Saturday 2 February 2019

Monitoring Growth

Cults, diseases, republicanism, COMMUNIST FERVOR, whatever - you gotta track the THING that grows within a host population because reasons:

Take your map - chunk it loosely. So, a city becomes a collection of district chunks, a kingdom regions, continent realms (if lots of small ones) or regions (e.g. East and West NotFrance). All chunks are assumed to be connected to adjacent chunks unless there's like, mountains and stuff in the way. You can work it out.

Pick a chunk to be ground zero - put a d6 there. This represents the presence of the thing.

Every [time interval, as dictated by scale - cities might be days, kingdoms weeks and continents months] roll all the dice on the map. Anywhere you roll max, up the dice size in that chunk AND all adjacent chunks, with those with no dice gaining a d4.

Dice Chain:
(change colour after the d10 tipping point)

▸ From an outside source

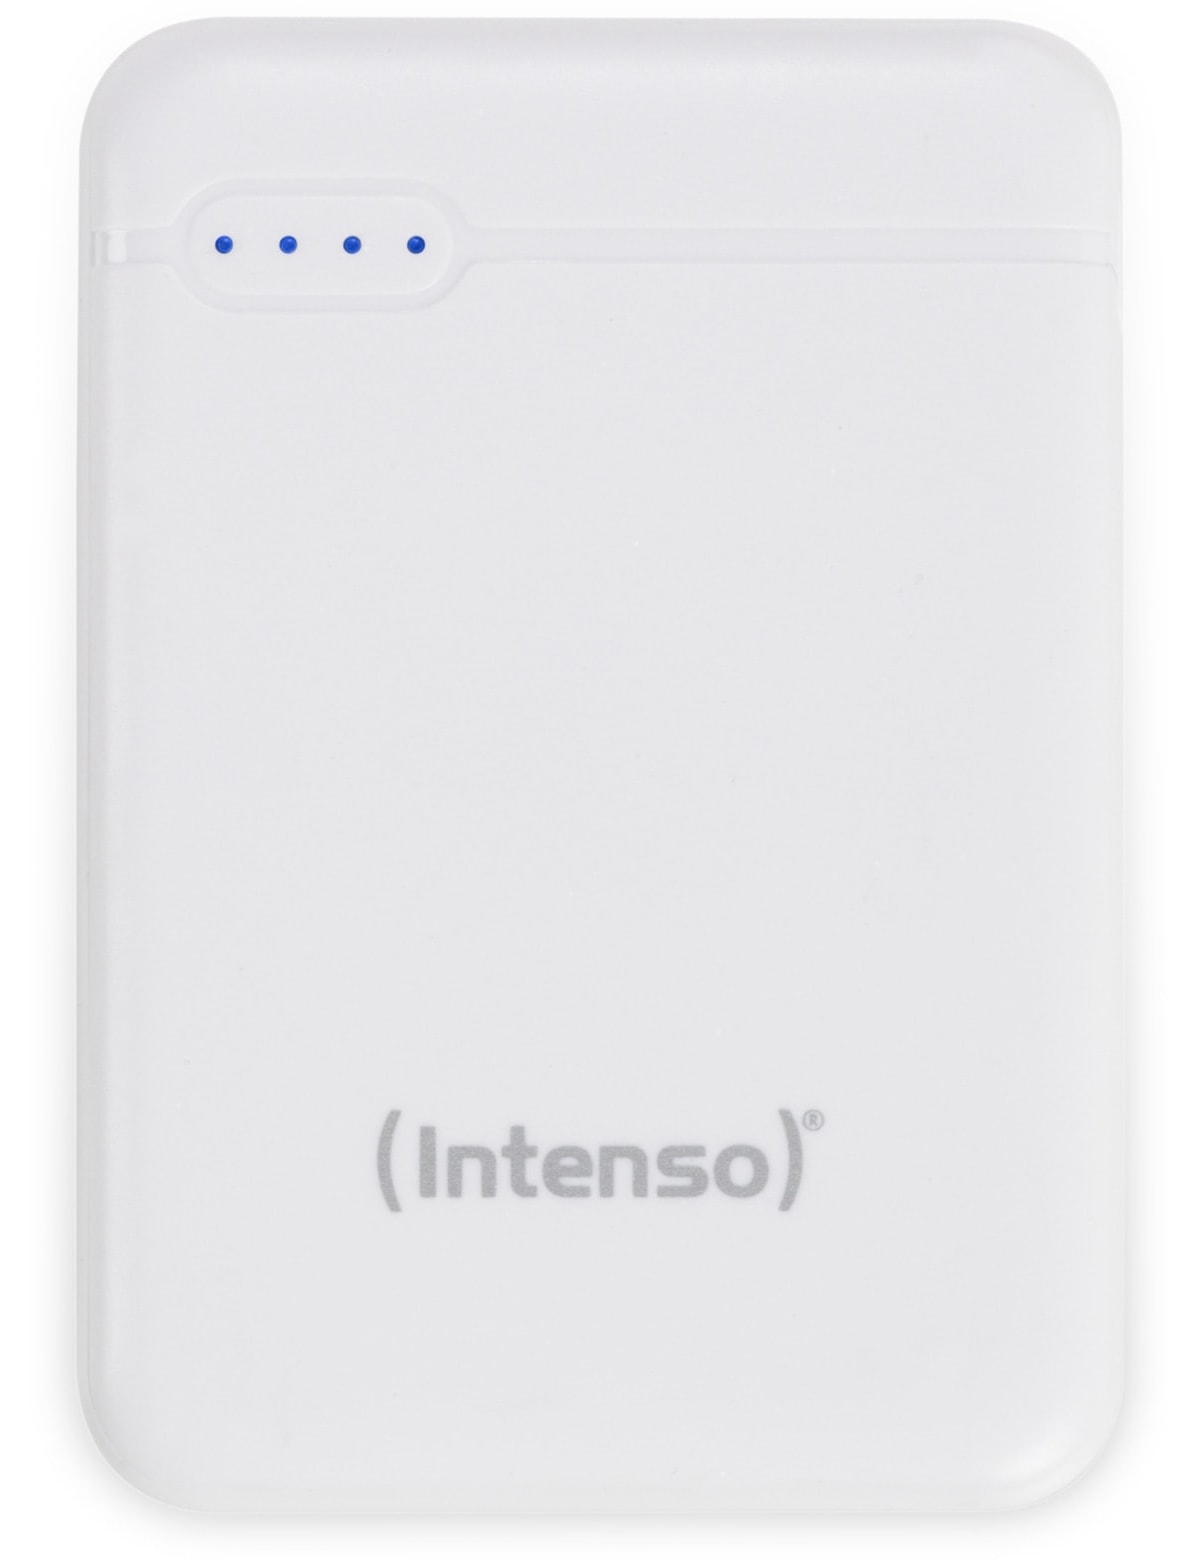 INTENSO USB Powerbank 7313522 XS 5000, 5.000 mAh, weiß

0 -> d4 -> d6 -> d8 -> d10 -> d8 -> d6 -> d4 -> 1
(no presence)                                                           (whole population)

This nicely simulates the spread of something, at first struggling to spread but then hitting majority and landsliding.

You can change up how virulent the thing is by increasing the range - so, the top 2 results, top 4 or whatever. This can also simulate activity by players/other parties to fight/bolster the spread, increasing or decreasing the margin of success.

You could also have things go backwards when you roll a minimum result - again, especially if people are actively doing things about it.